Norwegian war veteran compares neo-Nazi group which marched in Kristiansand to Nazi occupation time in Norway.
Last week, a group of neo-Nazi named “Fatherland First” held a demonstration in Kristiansand despite police ban. The march attracted 60-70 neo-nazis from neighboring countries. Police in Kristiansand was criticized for not having stopped the march.
Thor Hofsbro (83) who experienced World War II strongly reacted to both the demonstrators and the police in Kristiansand.
– It seems that history repeats. I think they are dangerous. Much more dangerous than Quisling and his men before the war, “said the veteran Thor Hofsbro to Dagbladet.
Hofsbro was 8 years old when Hitler Germany invaded Norway on April 9, 1940. Hofsbro joined in resistance and became one of those who had to flee to Sweden, writes Dagbladet.
Hofsbro thinks it is terrible that the police in Kristiansand did not stop the neo-Nazi demonstration and compares it to police cooperation with the occupants during the war.
The police in Kristiansand is in the process of evaluating the incident.
[news 15778]
About Quisling
Vidkun Abraham Lauritz Jonssøn Quisling was a Norwegian military officer and politician who nominally headed the government of Norway after the country was occupied by Nazi Germany during World War II.
Quisling first came to international prominence as a close collaborator of Fridtjof Nansen, organizing humanitarian relief during the Russian famine of 1921 in Povolzhye. He was posted as a Norwegian diplomat to the Soviet Union, and for some time also managed British diplomatic affairs there. He returned to Norway in 1929, and served as Minister of Defence in the governments of Peder Kolstad (1931–32) and Jens Hundseid (1932–33), representing the Farmers’ Party.

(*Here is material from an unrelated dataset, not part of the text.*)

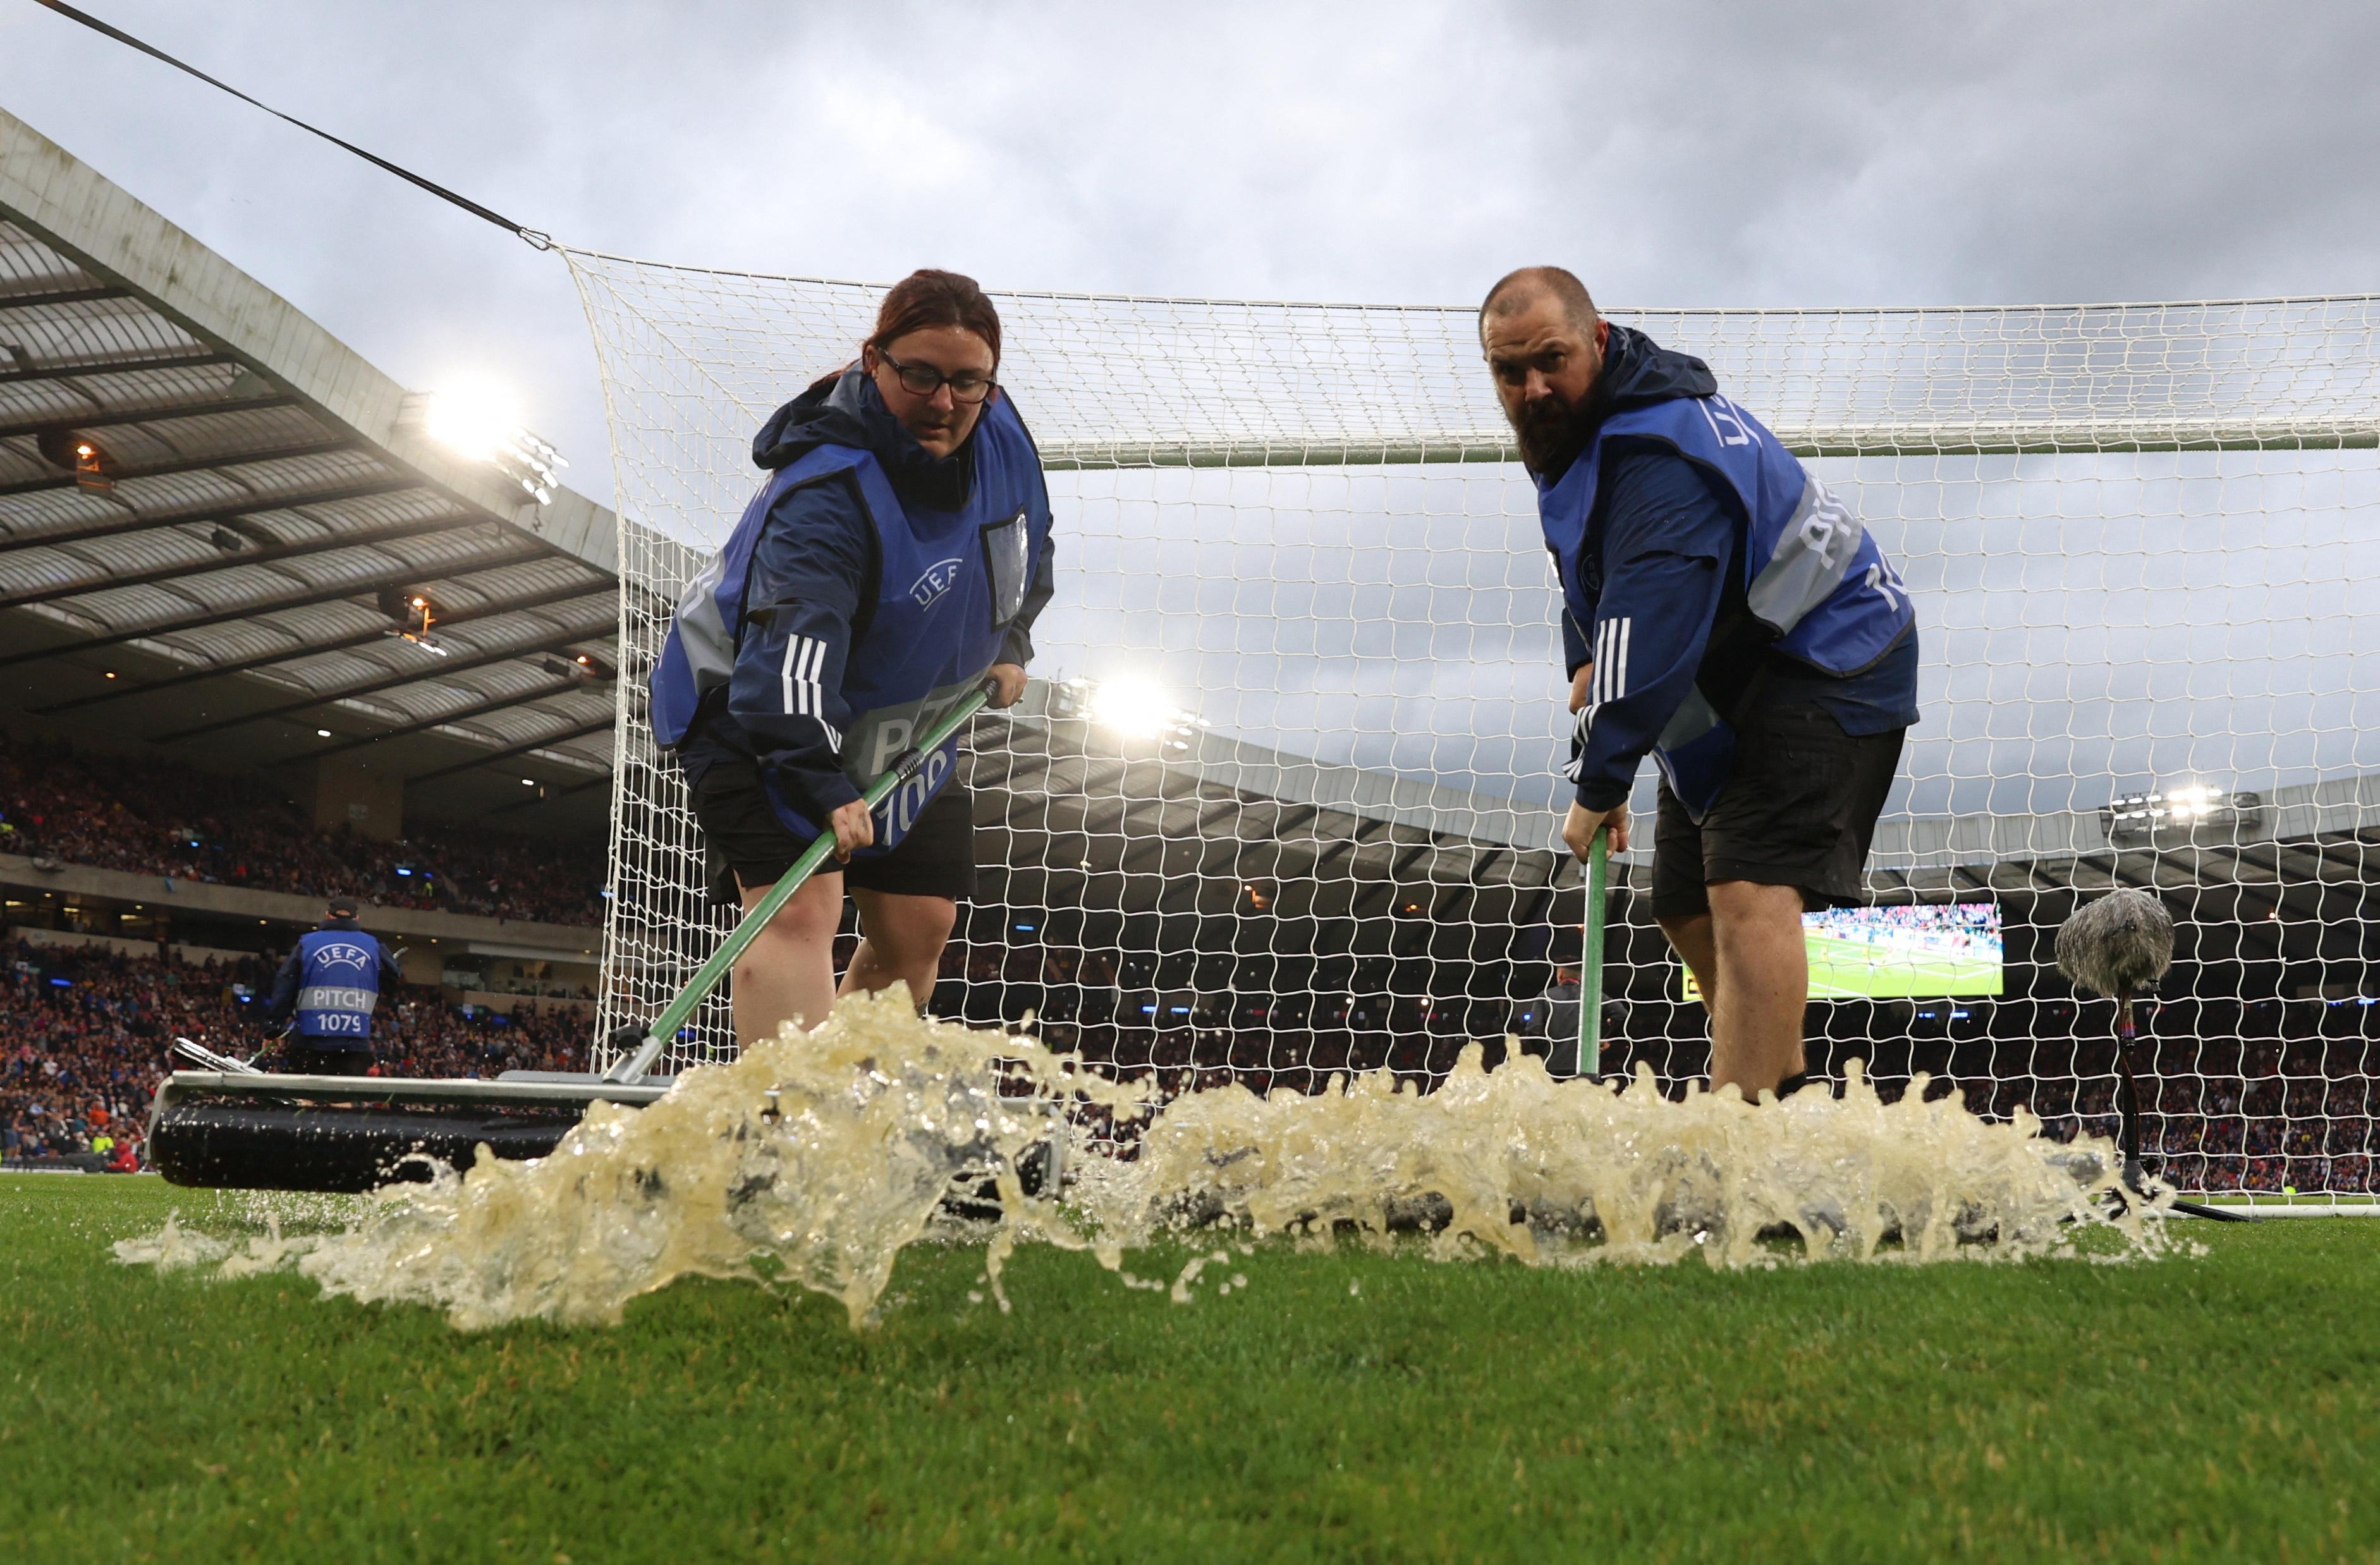 إزالة مياه الأمطار من أرض ملعب هامبدن بارك، غلاسكو، اسكتلندا، أثناء توقف المباراة بسبب سوء الأحوال الجوية خلال تصفيات أمم أوروبا في 20 يونيو/حزيران 2023

In 1933, Quisling left the Farmers’ Party and founded the fascist party Nasjonal Samling. Although he achieved some popularity after his attacks on the political left, his party failed to win any seats in the Storting and by 1940 it was still little more than peripheral. On 9 April 1940, with the German invasion of Norway in progress, he attempted to seize power in the world’s first radio-broadcast coup d’état, but failed after the Germans refused to support his government.
From 1942 to 1945 he served as Prime Minister of Norway, heading the Norwegian state administration jointly with the German civilian administrator Josef Terboven. His pro-Nazi puppet government, known as the Quisling regime, was dominated by ministers from Nasjonal Samling. The collaborationist government participated in Germany’s genocidal Final Solution. Quisling was put on trial during the legal purge in Norway after World War II: he was found guilty of charges including embezzlement, murder and high treason against the Norwegian state, and was sentenced to death. He was executed by firing squad at Akershus Fortress, Oslo, on 24 October 1945. The word “quisling” has since become a byword for “collaborator” or “traitor” in several languages, reflecting the very poor light in which Quisling’s actions were seen (both at the time and since his death).